Can 2025 : les raisons du retrait tardif du titre au Sénégal révélées

La décision de la Confédération africaine de football (CAF) de retirer le titre de la Coupe d’Afrique des Nations (CAN) 2025 au Sénégal, attribuant la victoire au Maroc, a créé une vive polémique. Annoncée deux mois après la finale, cette mesure suscite de nombreuses interrogations sur les raisons de ce délai exceptionnel.

Une finale de can 2025 au cœur d’une polémique sportive

La finale de la CAN 2025, remportée initialement par le Sénégal, est désormais au centre d’une controverse majeure. La CAF a décidé de sanctionner le Sénégal en faveur du Maroc, pays organisateur de la compétition, en raison d’un recours déposé par la délégation marocaine. Ce revirement tardif intrigue autant qu’il divise la communauté footballistique.

Dès le lendemain de la finale, jouée le 18 janvier, le Maroc avait contesté le résultat. Les autorités marocaines s’appuyaient sur les articles 82 et 84 du règlement de la FIFA, stipulant qu’un joueur quittant le terrain avant la fin du match doit être sanctionné par une défaite sur tapis vert. Initialement, le sélectionneur sénégalais Pape Tiaw avait écopé de cinq matchs de suspension. Cependant, cette décision avait elle-même été contestée par le Maroc, entraînant un nouveau verdict rendu plus de deux mois après l’événement.

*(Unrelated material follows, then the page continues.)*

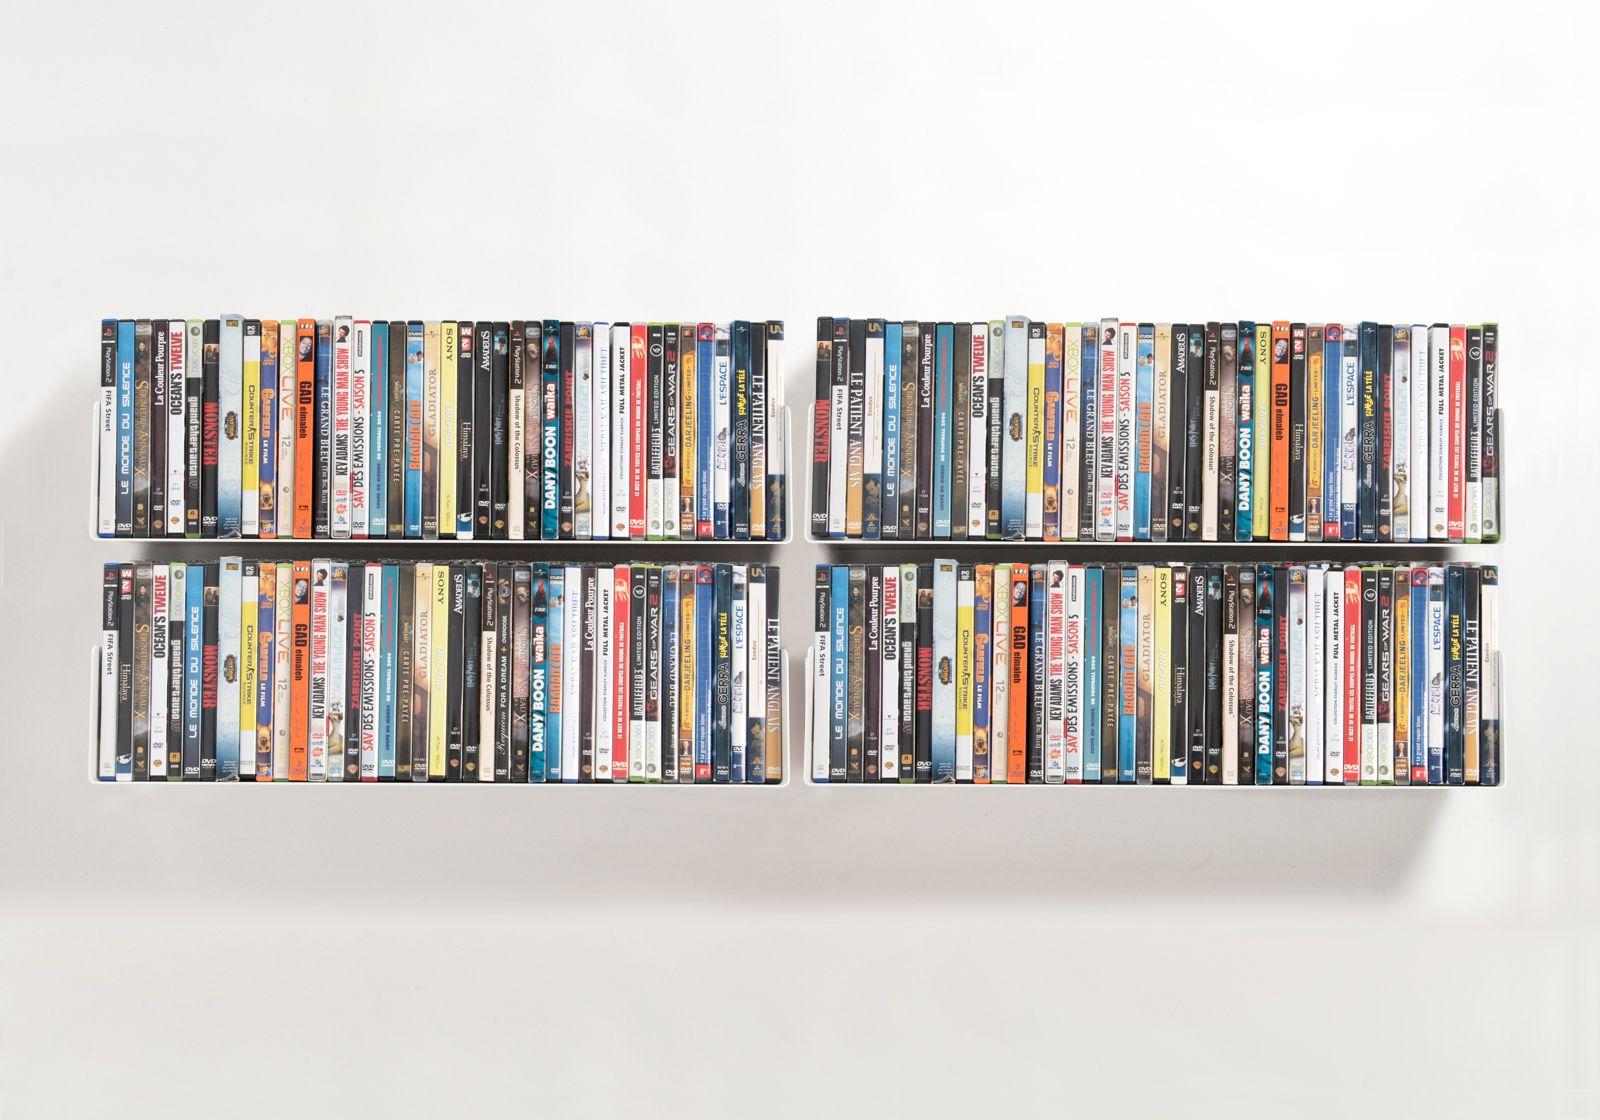 Awe Inspiring Dvd Shelves Dvd Shelving Unit By Teebooks Teebooks Interior Design Ideas Gentotryabchikinfo
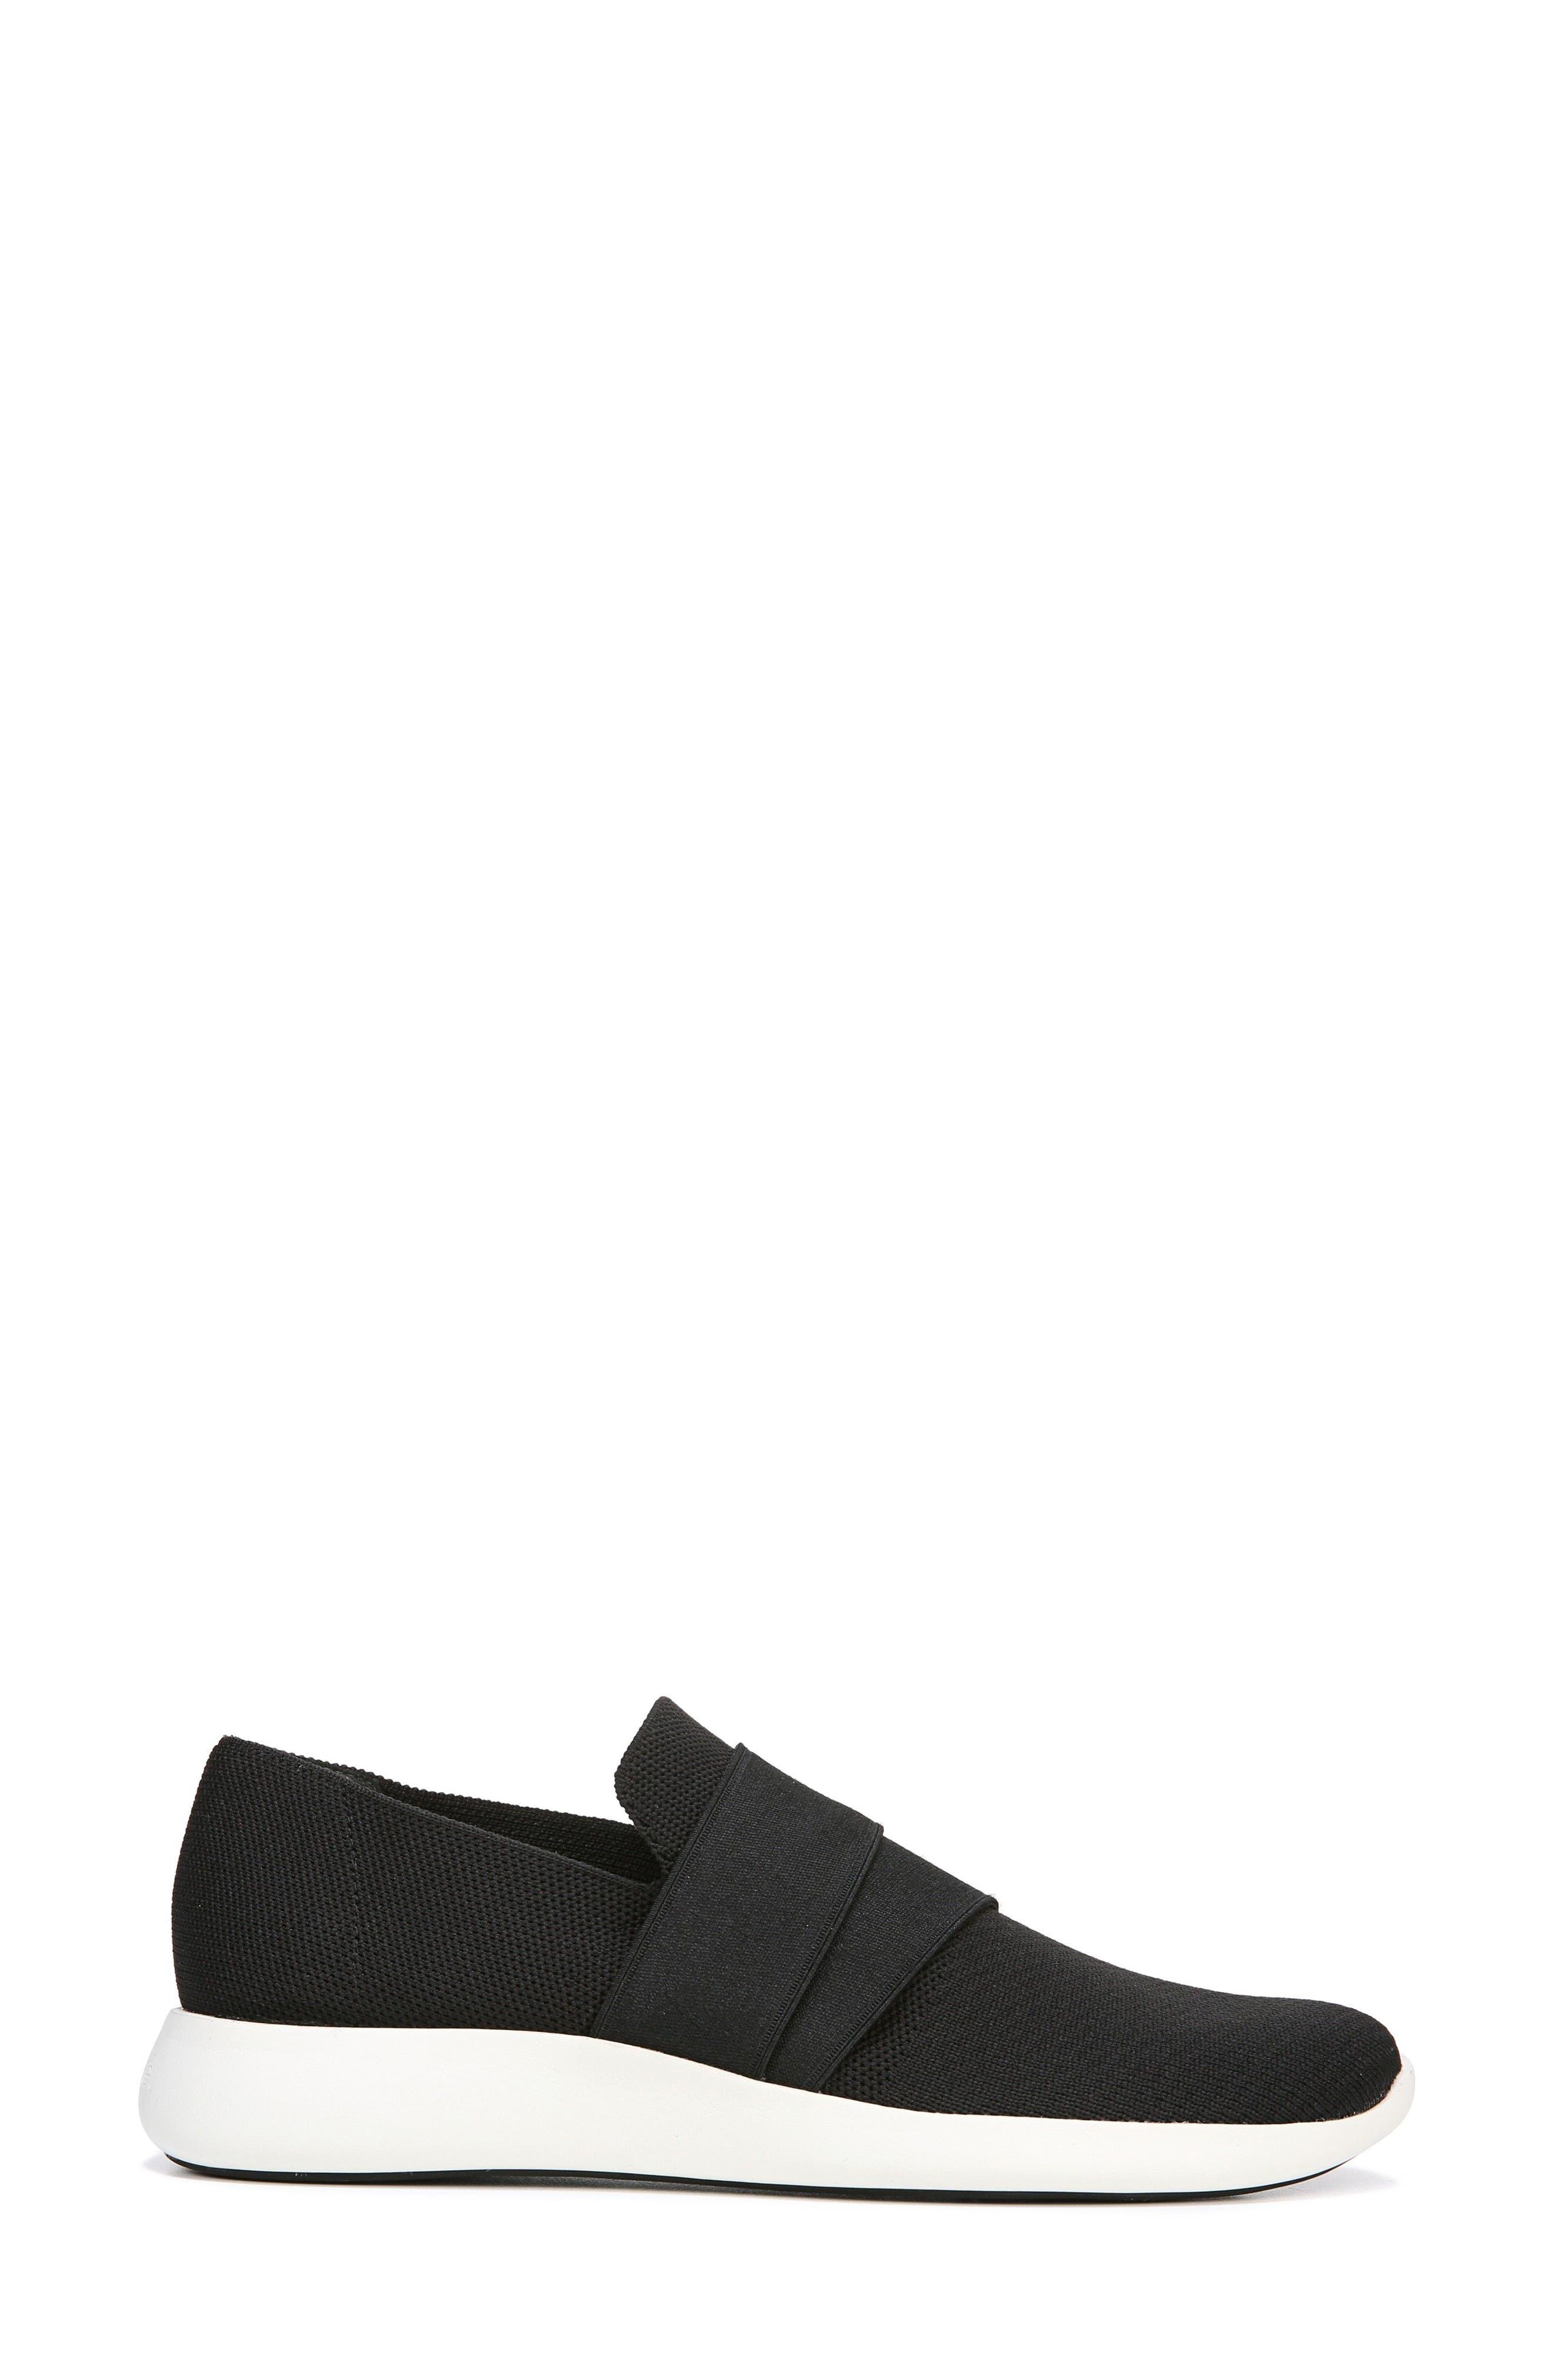 VINCE, Aston Slip-On Sneaker, Alternate thumbnail 3, color, BLACK SOLID KNIT

Un calendrier judiciaire qui interroge

La rapidité avec laquelle cette décision a été rendue, à 22h30 un soir de semaine, a surpris l’ensemble des observateurs. Même les responsables marocains ont nuancé leur position dans un communiqué, précisant qu’ils ne cherchaient pas à obtenir gain de cause au détriment des performances sportives du Sénégal.

Face à cette situation, la fédération sénégalaise a réagi sans délai en annonçant son intention de saisir le Tribunal arbitral du sport pour contester cette décision. Cette affaire a également mis en lumière les divisions au sein de la communauté sportive : certains estiment qu’il est impératif de respecter strictement le règlement, tandis que d’autres considèrent qu’il est inacceptable de retirer un trophée obtenu sur le terrain plusieurs semaines après la compétition.

Pour Nathalie Iannetta, directrice des Sports de Radio France, « cette finale sera probablement la plus longue de l’histoire du football ». Une déclaration qui résume l’ampleur des débats et des émotions suscités par cette affaire.

Des répercussions immédiates sur le paysage footballistique africain

  • Un titre contesté : Le Sénégal, initialement sacré champion d’Afrique, voit son titre remis en cause, ce qui impacte directement sa crédibilité sportive.
  • Un Maroc sacré malgré lui : Bien que bénéficiaire de cette décision, le Maroc se retrouve dans une position délicate, devant gérer les conséquences d’une victoire obtenue par voie administrative.
  • Un climat de méfiance : Cette polémique pourrait ébranler la confiance des équipes africaines envers les instances dirigeantes du football continental.

Que réserve l’avenir pour le football africain ?

Cette affaire soulève des questions fondamentales sur la gouvernance du football en Afrique. Avec plusieurs recours possibles et une fédération sénégalaise déterminée à défendre ses intérêts, l’issue de ce litige reste incertaine. Une chose est sûre : cette situation pourrait servir de précédent et inciter les instances dirigeantes à clarifier et à appliquer plus rigoureusement les règlements lors des prochaines éditions de la CAN.

En attendant, la polémique continue de faire rage, divisant les supporters et alimentant les débats sur l’équité et la transparence dans le sport africain.